Let’s say you want to see a movie with one of your friends. Wouldn’t it be neat with a service that uses the Facebook
social graph
to collect movies your friend liked, and combines this with IMDB data to produce a movie suggestion? Turns out that an app like that is pretty straight forward with a graph database.
The first step is to connect to Facebook to fetch a list of your friends, so that’s where the app will start out:
Next a list of your friends will show up:
Now, just click one of your friends and a movie suggestion will be generated:
Under the Hood
What we need to do is simply to let our mashup talk to both the Facebook Graph API and the IMDB API. Uh-oh – IMDB doesn’t have a public API that you can throw requests at. Well, that’s simple enough: we’ll just import the data into a local Neo4j
graph database and then access it through the Facebook Graph API!
So, let’s see how to solve this. Here’s the basic structure of our app:
MovieNight.js
is the mashup itself, embedded in the web page. It uses the Facebook Graph API to get information about the friends of the visitor and the movies that your friends like.
SuggestionEngine.js
uses the Graph API to talk to a Neo4j database containing movie information (a small example data set from
IMDB). The movie suggestion is based on what movies your friend has liked in the past. It simply tries to find other movies starring some actor from the liked ones.

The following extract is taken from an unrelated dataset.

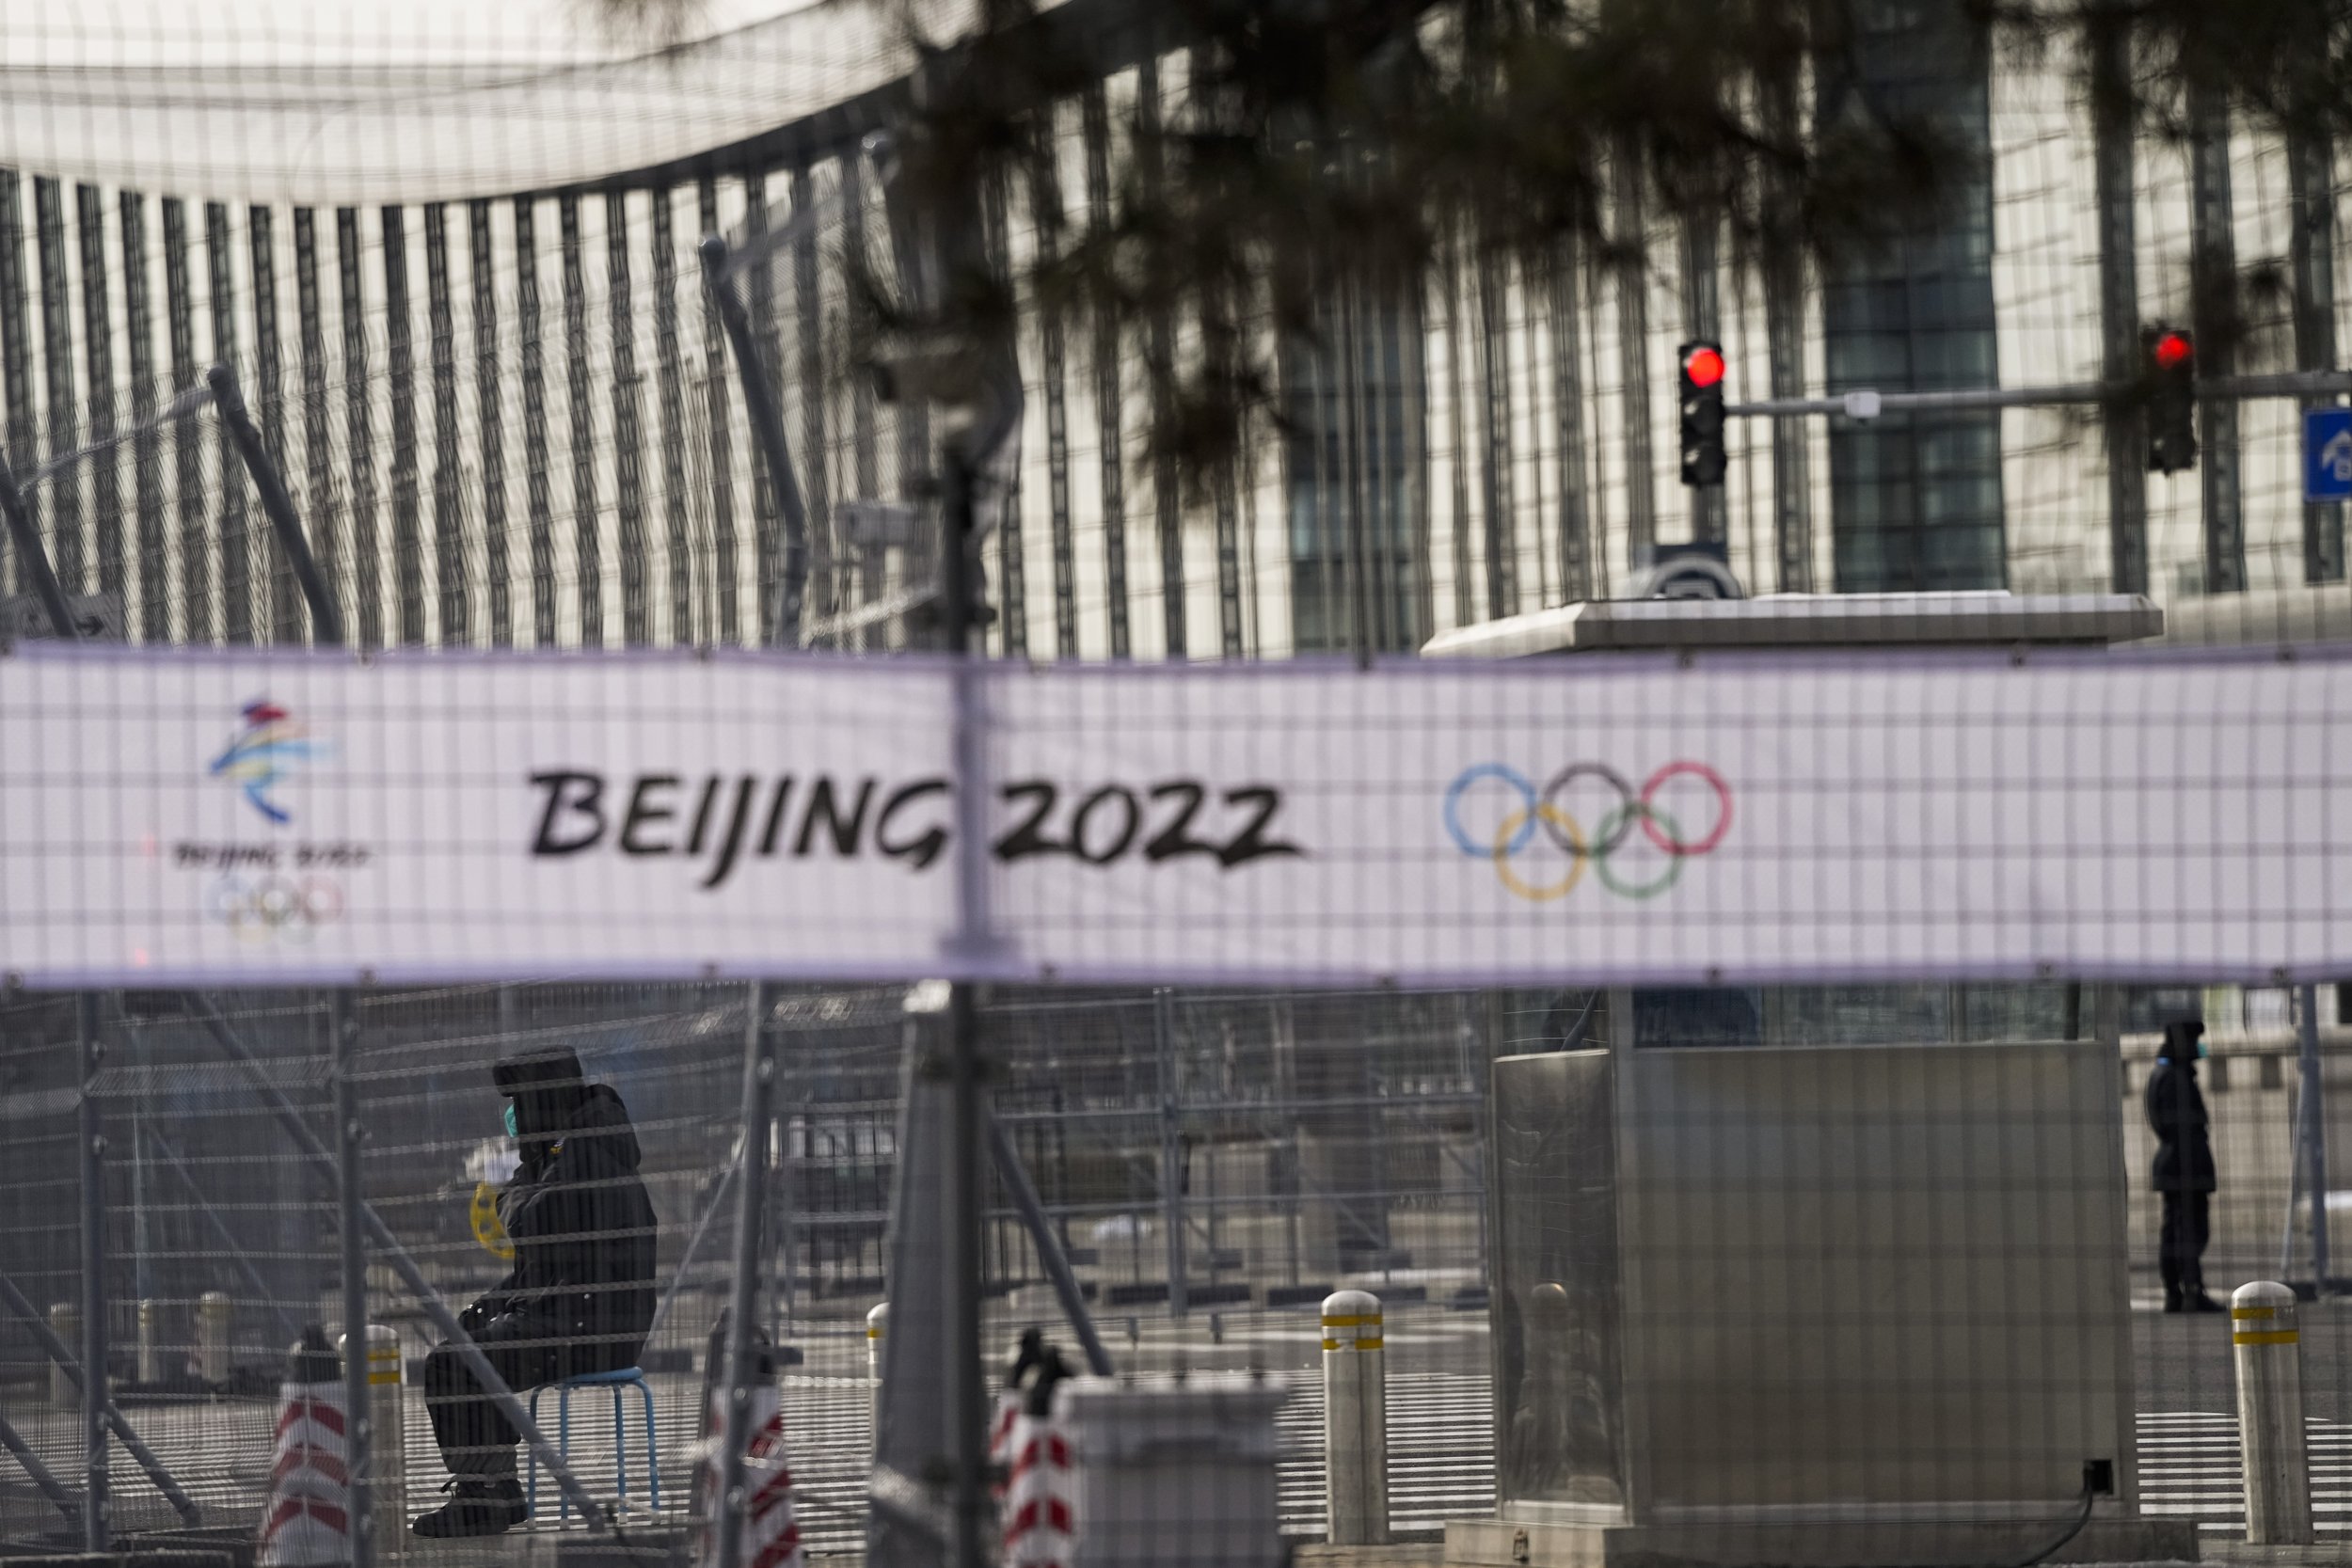  Two security personnel are seen through fences outside the main media center at the 2022 Winter Olympics, Wednesday, Jan. 26, 2022, in Beijing. (AP Photo/Jae C. Hong)

Using the same Graph API to connect to both Facebook and the Neo4j graph database backend makes for convenience: it means that you can use tools written for Facebook for locally hosted data as well – and that’s what we’re doing here. To download the source, go to the download page.
Facebook data
To get your friends from Facebook, just use the common Facebook graph API:
FB.api('/me/friends', function(response) {
friends = response.data;
// Load friends into UI
friend_list.empty();
for ( var i = 0; i < friends.length; i ++ ) {
add_friend( friends[i] ); // write to UI
}
});
Getting the movies a friend likes is very similar to getting the friends list:
FB.api("/" + friend.id + "/movies", function(result)
{
/* handle the response here */
}
For more information, see the
Graph API documentation.
Neo4j data
To connect to the Neo4j graph server we had to
hack the connect-js library slightly, as it’s hard coded to send requests to facebook.com. What we added is the possibility to add prefixes for different data sources. It still defaults to graph.facebook.com etc., but makes a “fb:” prefix available to make your code easier to read. To hook in a data source, we modify the FB.init() call like this:
FB.init({
appId : '', // NOTE: create an appid and add it here
status : true, cookie : true, xfbml : true,
// time to add our IMDB backend to the mix
external_domains : {
imdb : 'https://localhost:4567/'
}
});
Now we’re able to send reqests to our own server as well, using code similar to the following:
FB.api("imdb:/path/to/data/in/graph", function(data) {
// data is available here :)
});
So now that we can send requests, what can we do with the Neo4j backend here? Here’s a comprehensive list showing precisely that in some detail (all requests are
GET
from
https://localhost:4567
):
Get Actor (or Movie) by Id |
Request |
Response |
/56 |
{
"name": "Bacon, Kevin",
"id": 56
}
|
Extended information about Actor(/Movie) |
Request |
Response |
/56?metadata=1 |
{
"name": "Bacon, Kevin",
"id": 56,
"metadata": {
"connections": "https://localhost:4567/56/acted_in"
},
"type": "actor"
}
|
All the Movies an Actor had a Role in |
Request |
Response |
/56/acted_in |
{
"data": [
{
"id": 57,
"title": "Woodsman, The (2004)"
},
{
"id": 59,
"title": "Wild Things (1998)"
}
// tons of movies here ...
]
}
|
Get (Actor or) Movie by Id |
Request |
Response |
/59 |
{
"title": "Wild Things (1998)",
"year": "1998",
"id": 59
}
|
Extended information about (Actor/)Movie |
Request |
Response |
/59?metadata=1 |
{
"title": "Wild Things (1998)",
"year": "1998",
"id": 59,
"metadata": {
"connections": "https://localhost:4567/59/actors"
},
"type": "movie"
}
|
All the Actors that have a Role in this Movie |
Request |
Response |
/59/actors |
{
"data": [
{
"id": 56,
"name": "Bacon, Kevin"
},
{
"id": 528,
"name": "Dillon, Matt (I)"
}
// loads of actors here ...
]
}
|
Search for Actors with “bacon” in their name |
Request |
Response |
/search?q=bacon&type=actor |
[
{
"name": "Bacon, Kevin",
"id": 56
},
{
"name": "Bacon, Travis",
"id": 14242
}
// more bacons here ...
]
|
Search for Movies with “wild things” in their title |
Request |
Response |
/search?q=wild%20things&type=movie |
[
{
"title": "Wild Things (1998)",
"year": "1998",
"id": 59
},
{
"title": "River Wild, The (1994)",
"year": "1994",
"id": 74
}
// more wild movies here ...
]
|
Ok, but how do we use this stuff then?! Well, that’s what we’re going to look into right away, to see the Facebook Graph API used from JavaScript with a Neo4j/IMDB backend. To get started, here’s how to perform a search:
self.movie_info = function( movie_name, callback ) {
// The search API uses commas for AND-type searches, spaces become OR, so for
// the movie names, we switch spaces out for commas.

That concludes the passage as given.